__Problem statement__
Could you copy word for word only the lines between the one containing "Plastové pouzdro na" and the end of the listing below, both included, and leave out the pictures?

__Supplied data__
++++++++++
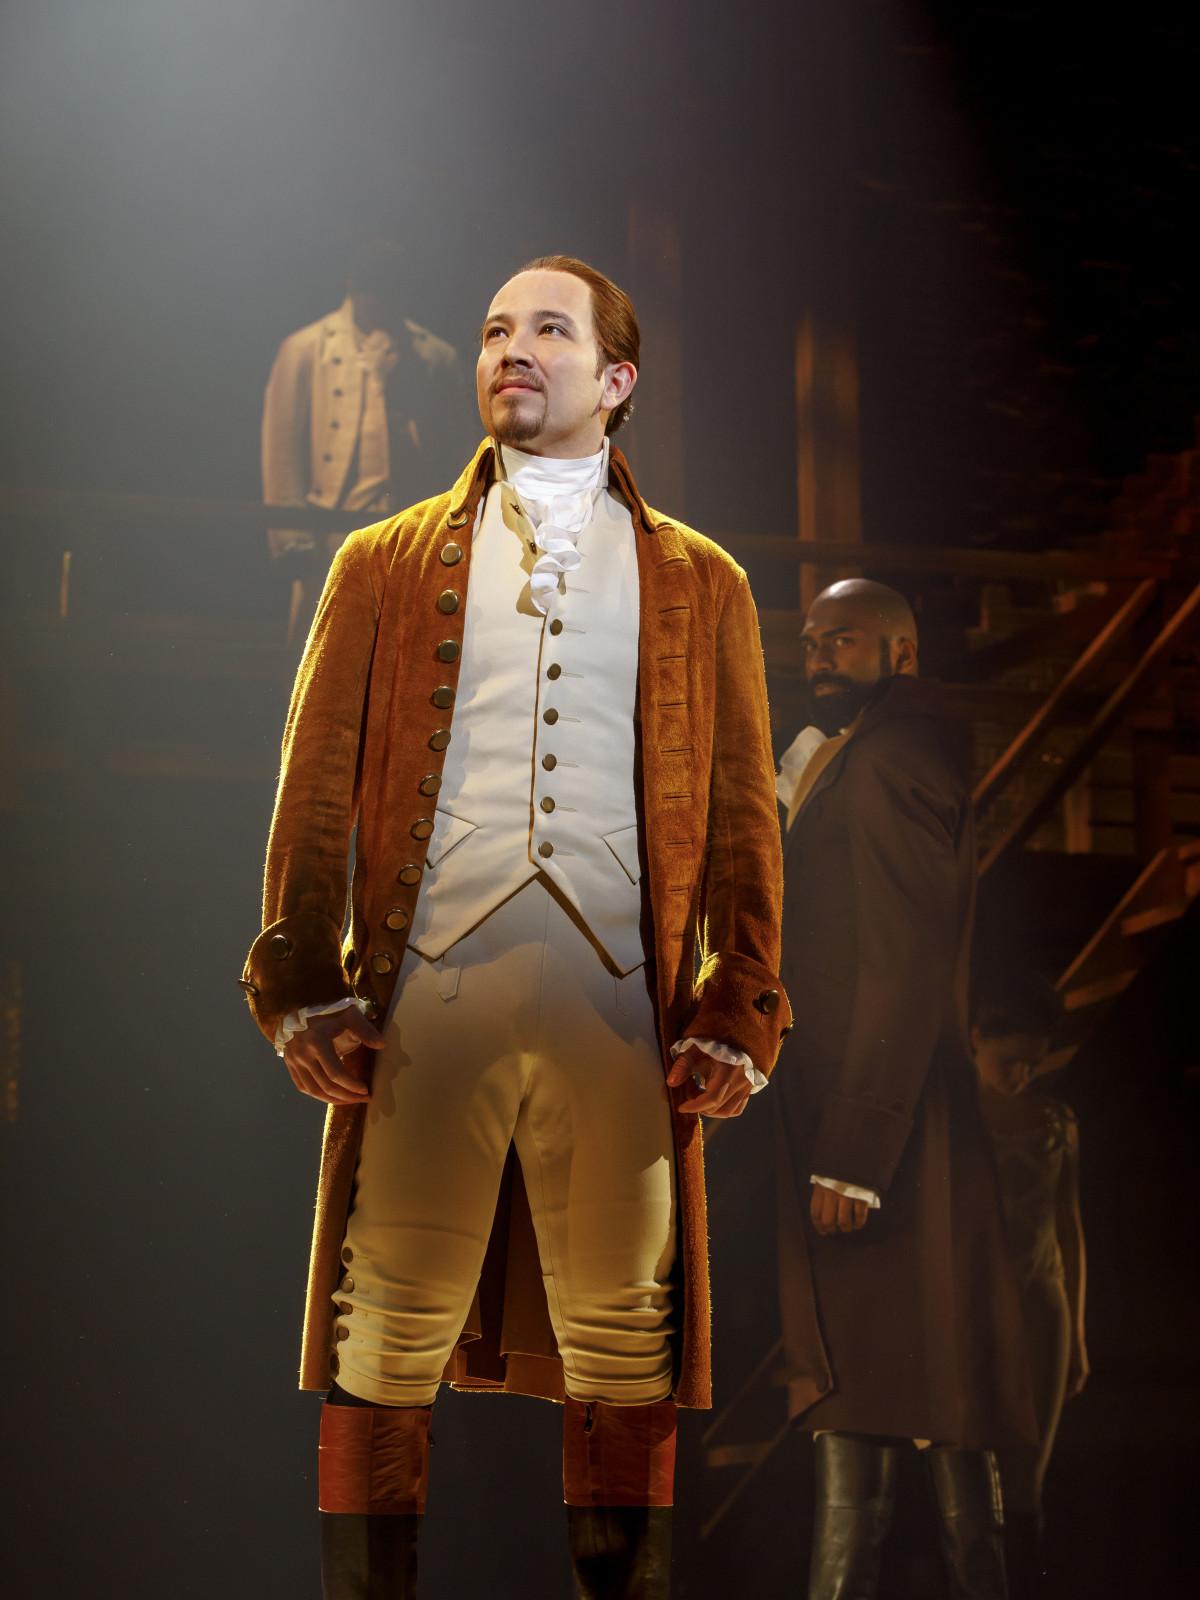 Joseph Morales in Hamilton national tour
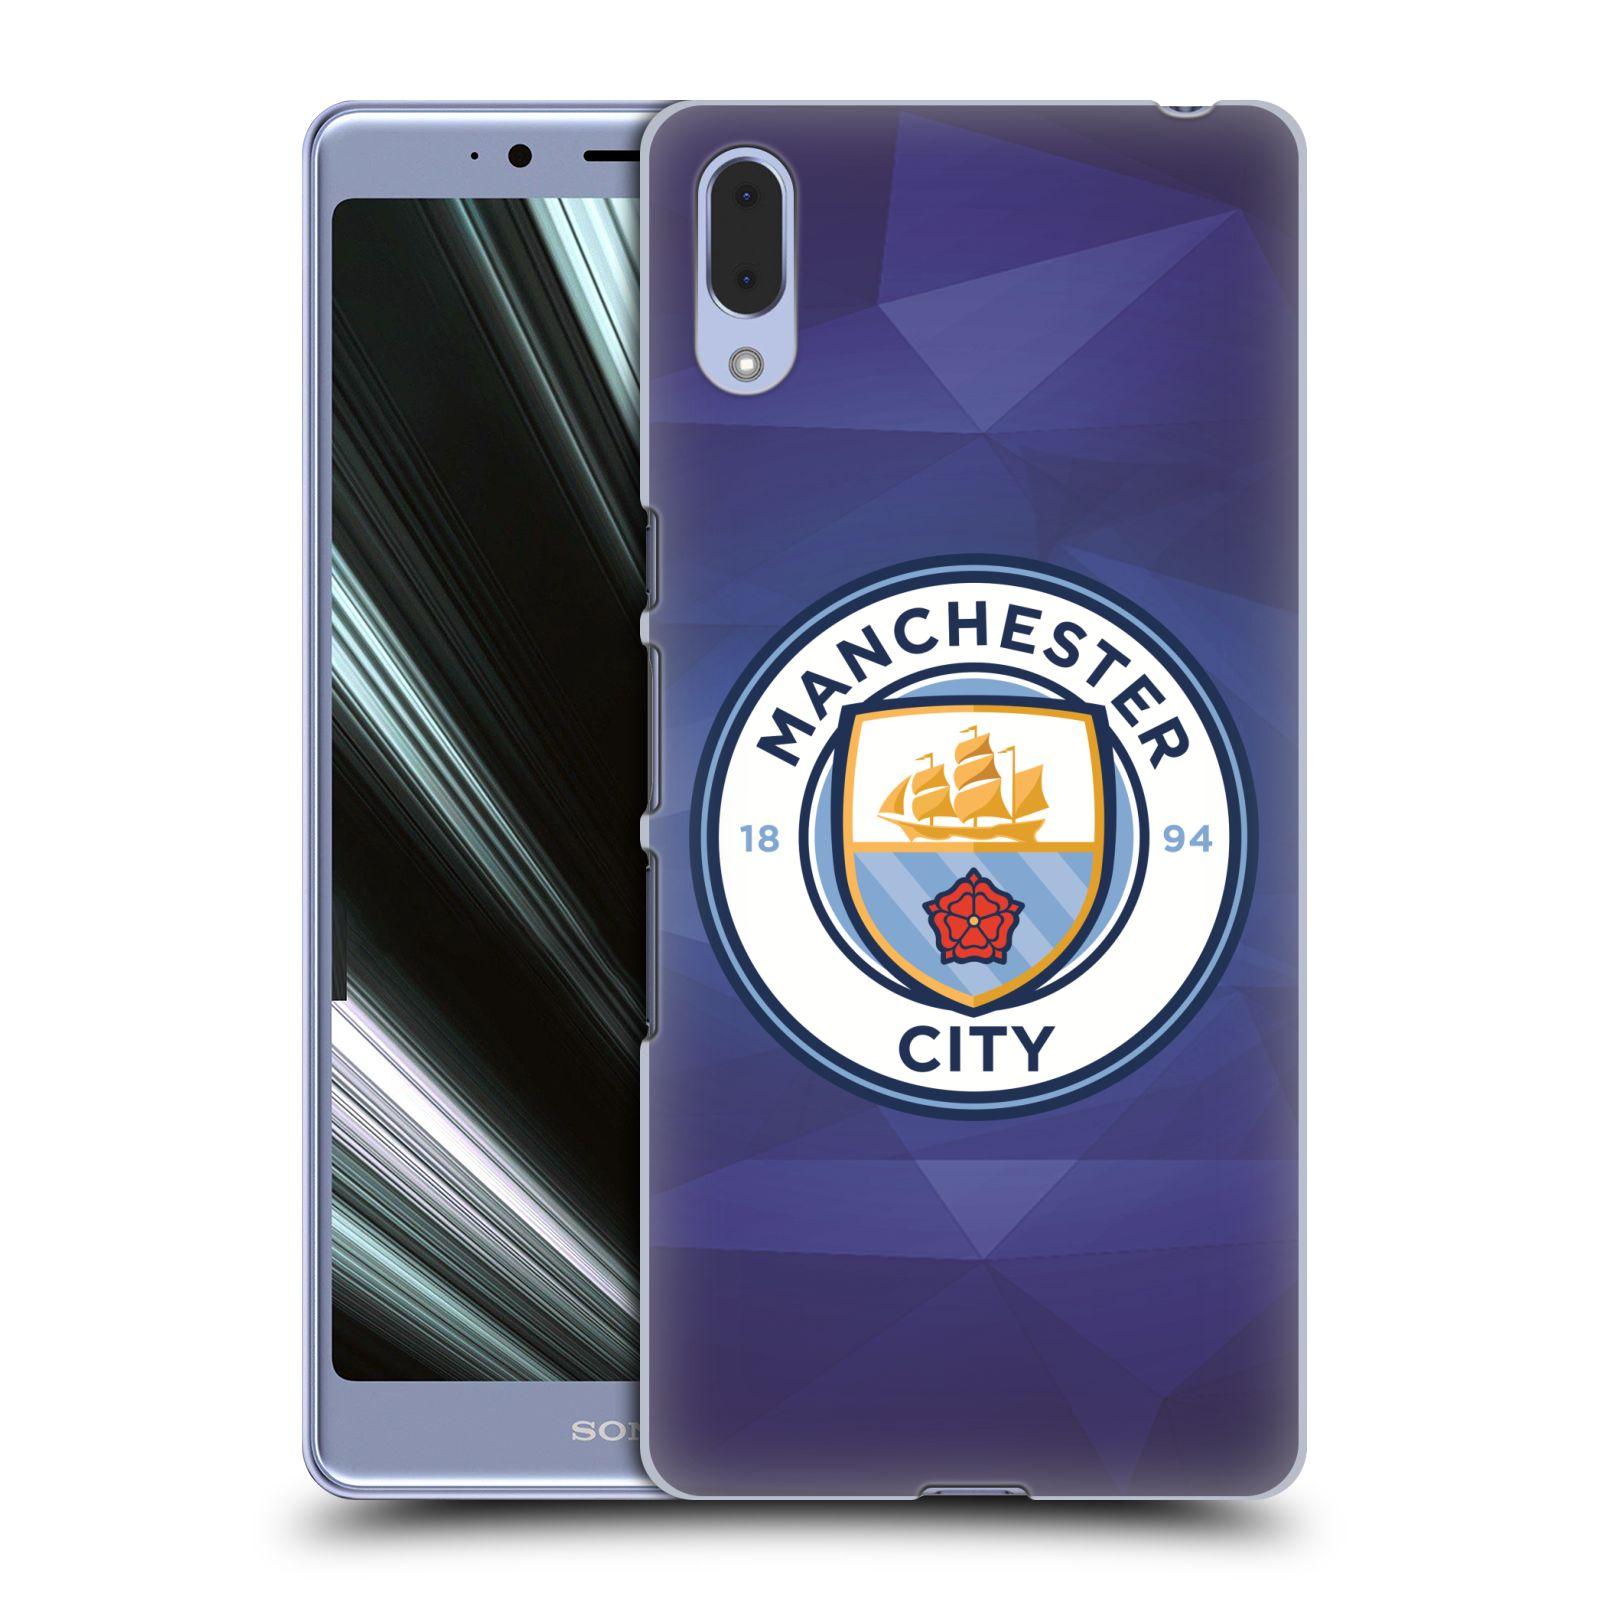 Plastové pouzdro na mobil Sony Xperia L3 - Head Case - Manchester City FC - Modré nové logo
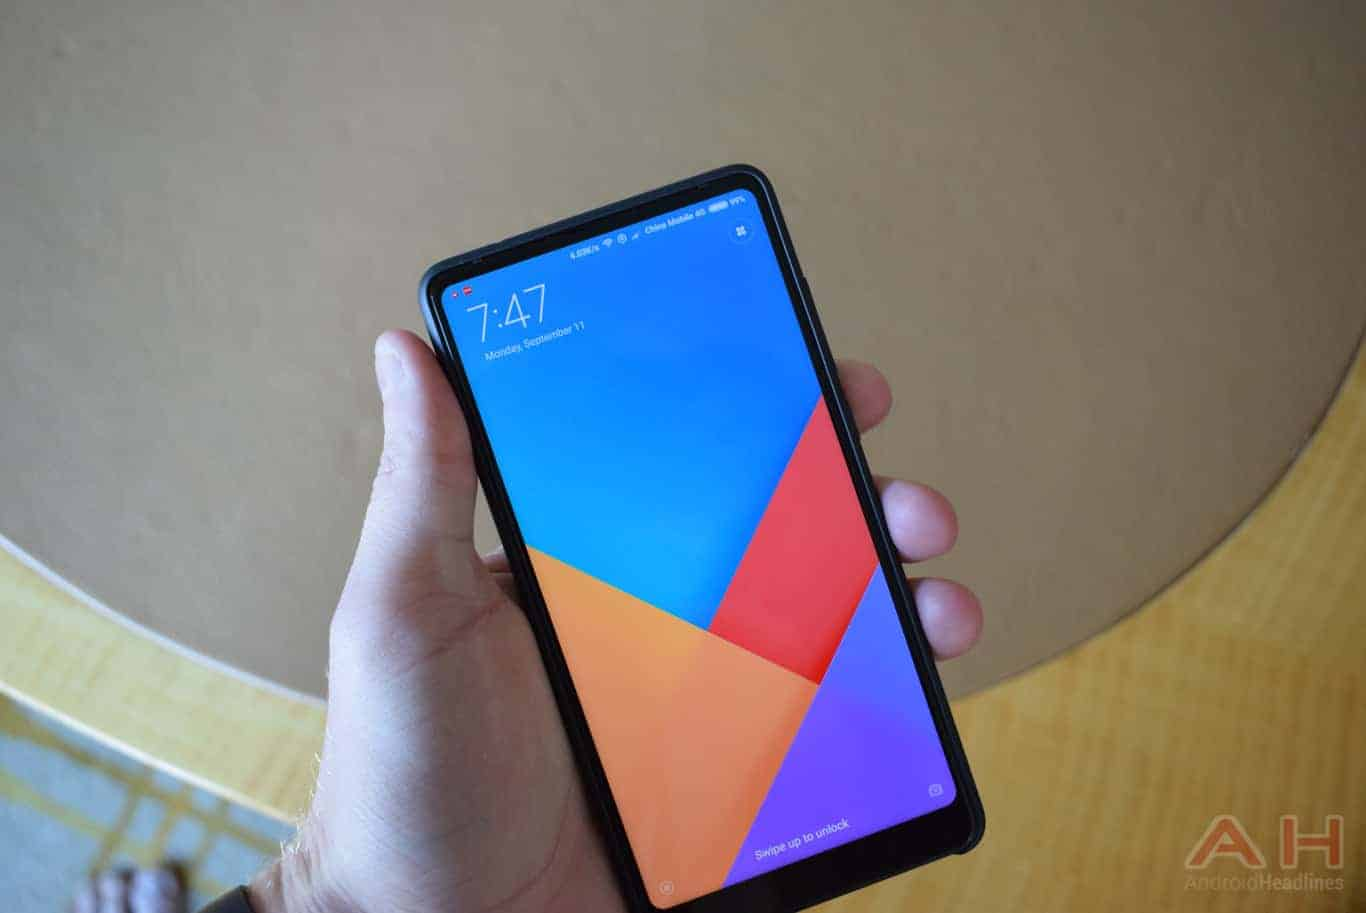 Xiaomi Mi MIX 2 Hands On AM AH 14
++++++++++
__Task response__
 Plastové pouzdro na mobil Sony Xperia L3 - Head Case - Manchester City FC - Modré nové logo
 Xiaomi Mi MIX 2 Hands On AM AH 14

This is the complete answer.